Magdeburgs Triumph 1974: Helden im Bademantel

DFB.de erinnert in einer fünfteiligen Serie an die deutschen Triumphe beim Europapokal der Pokalsieger, der zwischen 1960 und 1999 ausgetragen wurde. Heute: Der 1. FC Magdeburg bezwingt im Finale 1974 völlig überraschend den AC Mailand.

Von 1957 bis 1991 nahmen insgesamt 16 Vereine aus der DDR und eine Stadtauswahl (Leipzig) am Europapokal teil. Das Ergebnis aus insgesamt 532 Spielen kommt bescheiden daher: Es gab nur einen Titel – und den holte der 1. FC Magdeburg im Pokal der Pokalsieger. Es war kurz vor der WM 1974, als die DDR zum einzigen Mal an einer Endrunde teilnahm. Auch der Erfolg über den großen Nachbarn aus der BRD in Hamburg (1:0) wäre ohne Magdeburger nicht möglich gewesen und noch heute ist an Stammtischen vom legendären Sparwasser-Tor die Rede. Doch wie schaffte der 1. FCM den einmaligen Triumph im glorreichen Jahr 1974?
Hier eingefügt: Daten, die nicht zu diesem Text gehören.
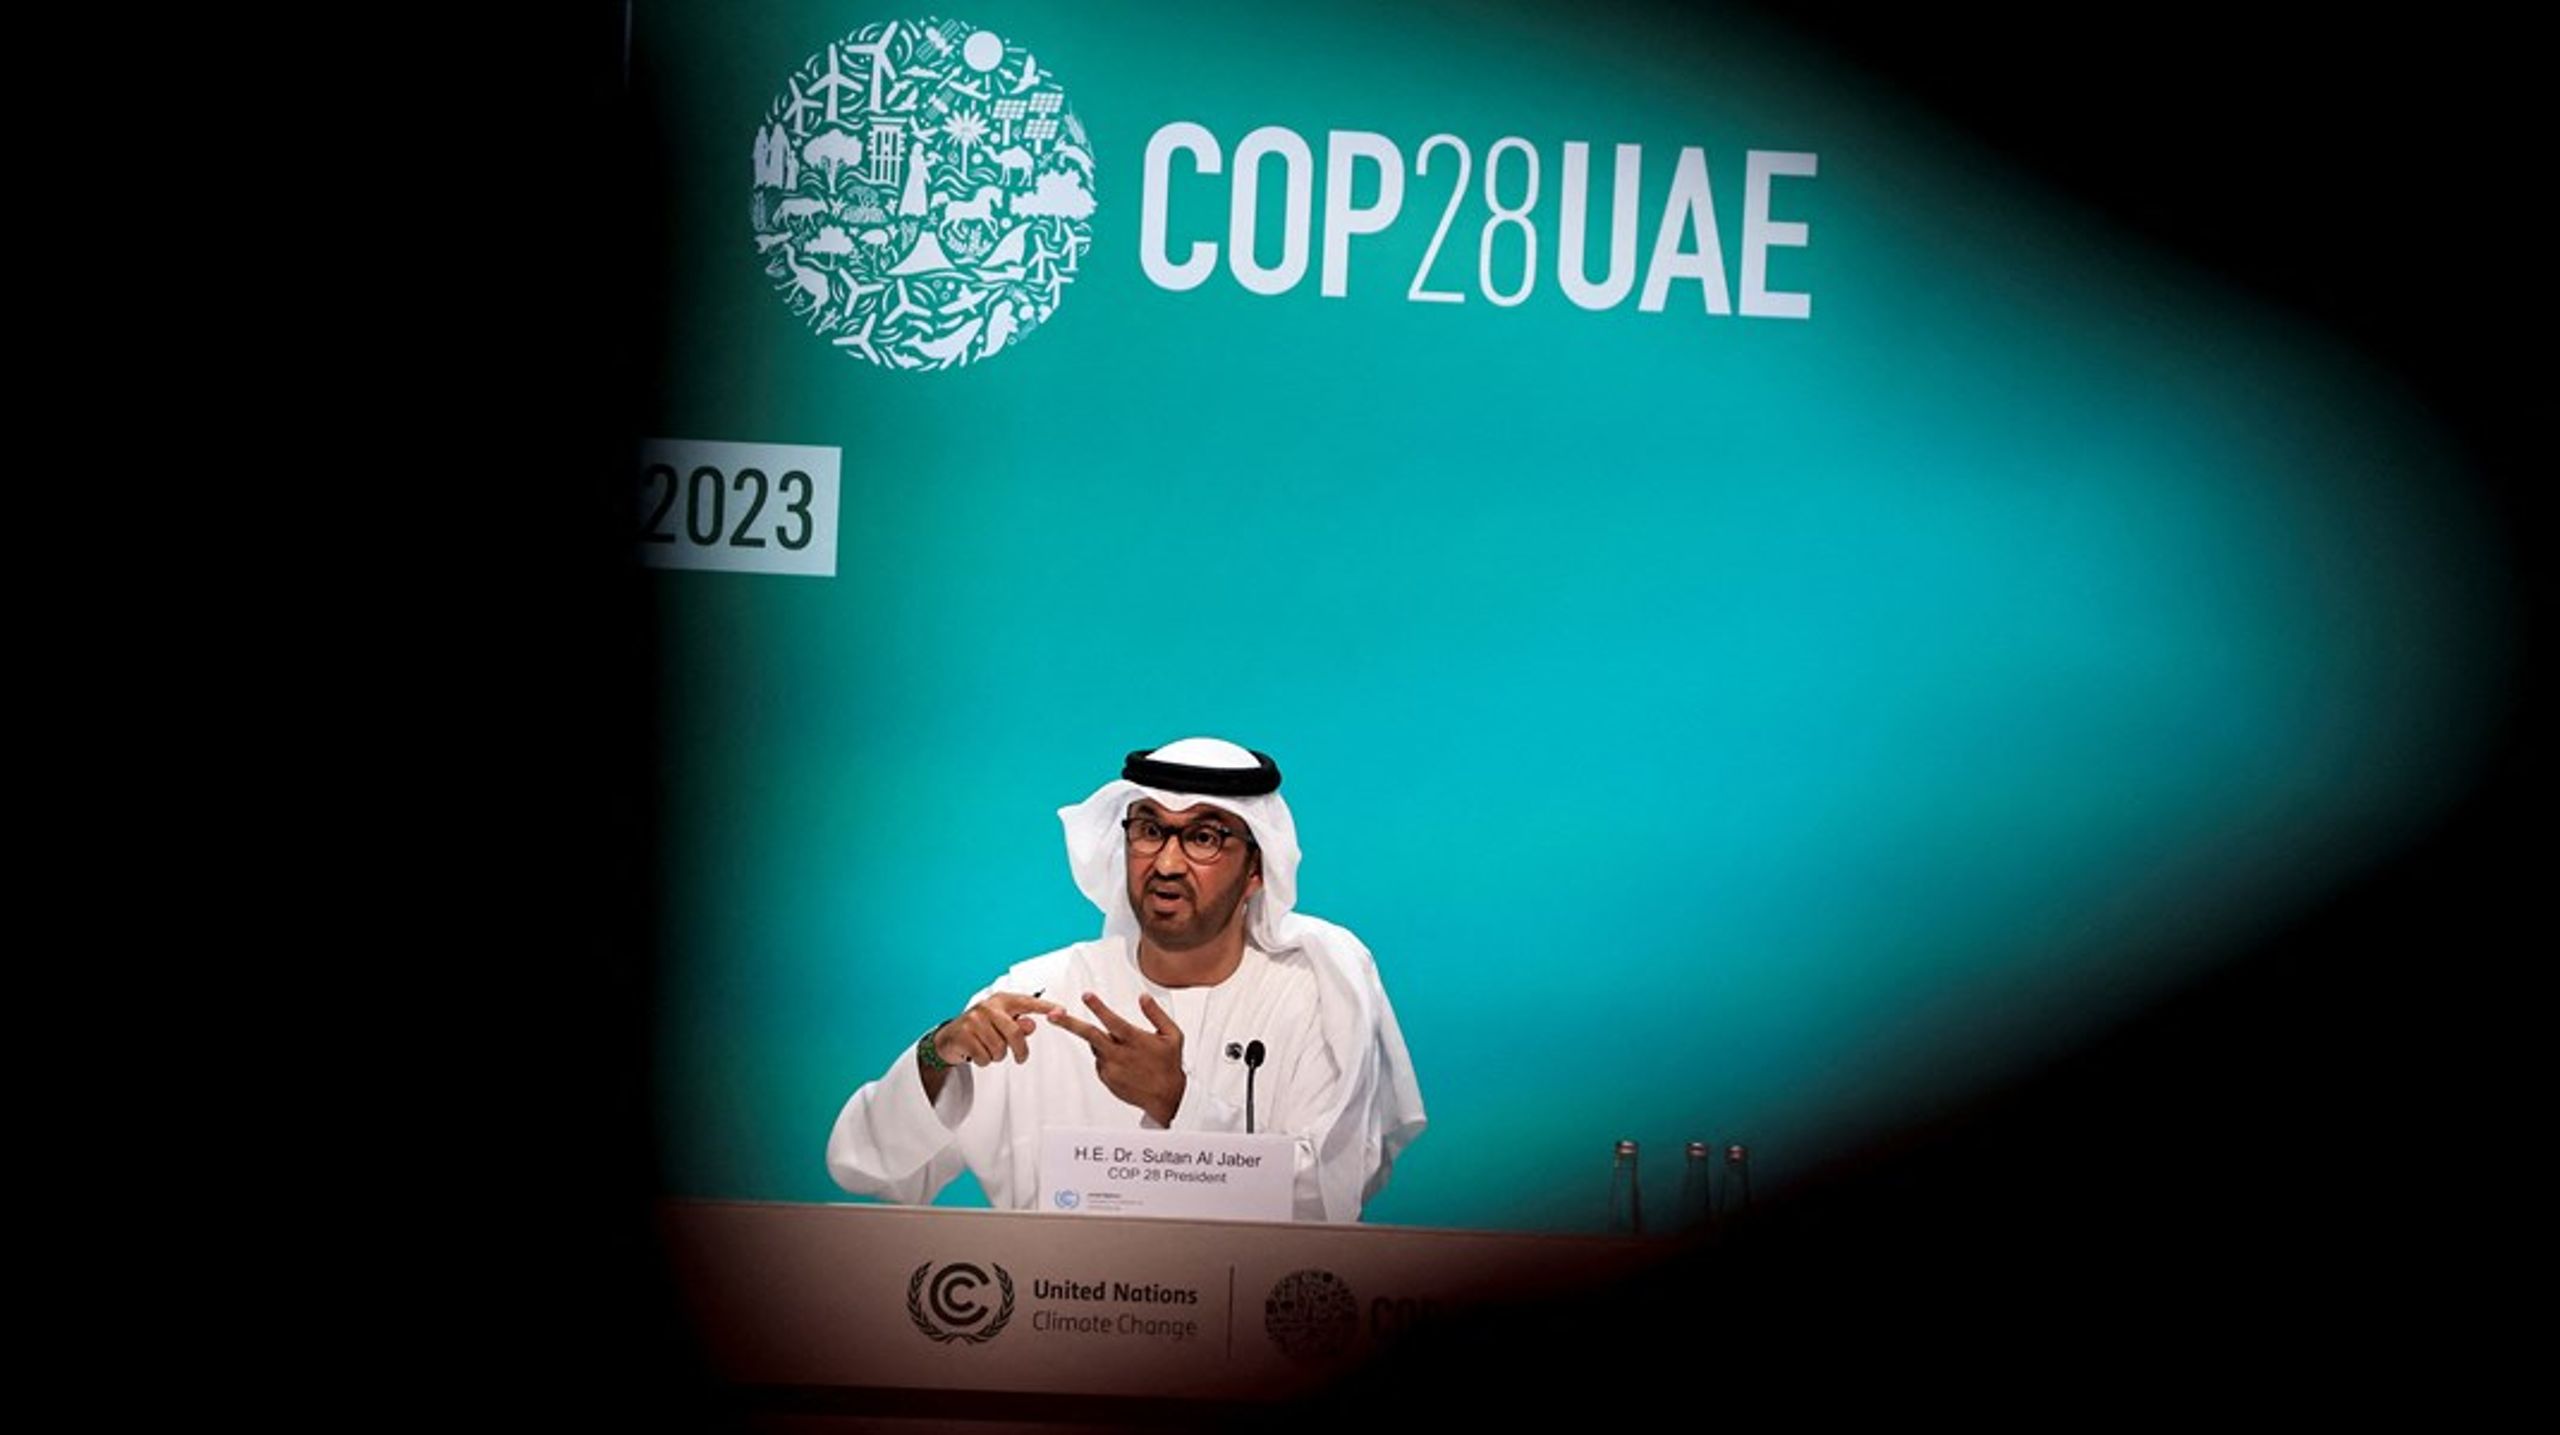 De forente arabiske emirater er vertskap for COP28, det 28. internasjonale klimatoppmøtet under FNs klimakonvensjon. Sultan Ahmad Al-Jaber leder forhandlingene.

Der Weg nach Rotterdam führte über Breda (0:0/2:0), Ostrau (0:2/3:0 n. V.), Stara Zagora (2:0/1:1) und Lissabon (1:1/2:1). Zuhause gewann Magdeburg alle Spiele und mit jedem stieg die Zuschauerzahl, gegen Sporting Lissabon waren es 35.000. Am 8. Mai 1974 wartete im Finale des Europapokals der Pokalsieger nicht irgendwer auf den 1. FCM, es wartete der große AC Mailand, der im Halbfinale noch die Gladbacher Borussen eliminiert hatte.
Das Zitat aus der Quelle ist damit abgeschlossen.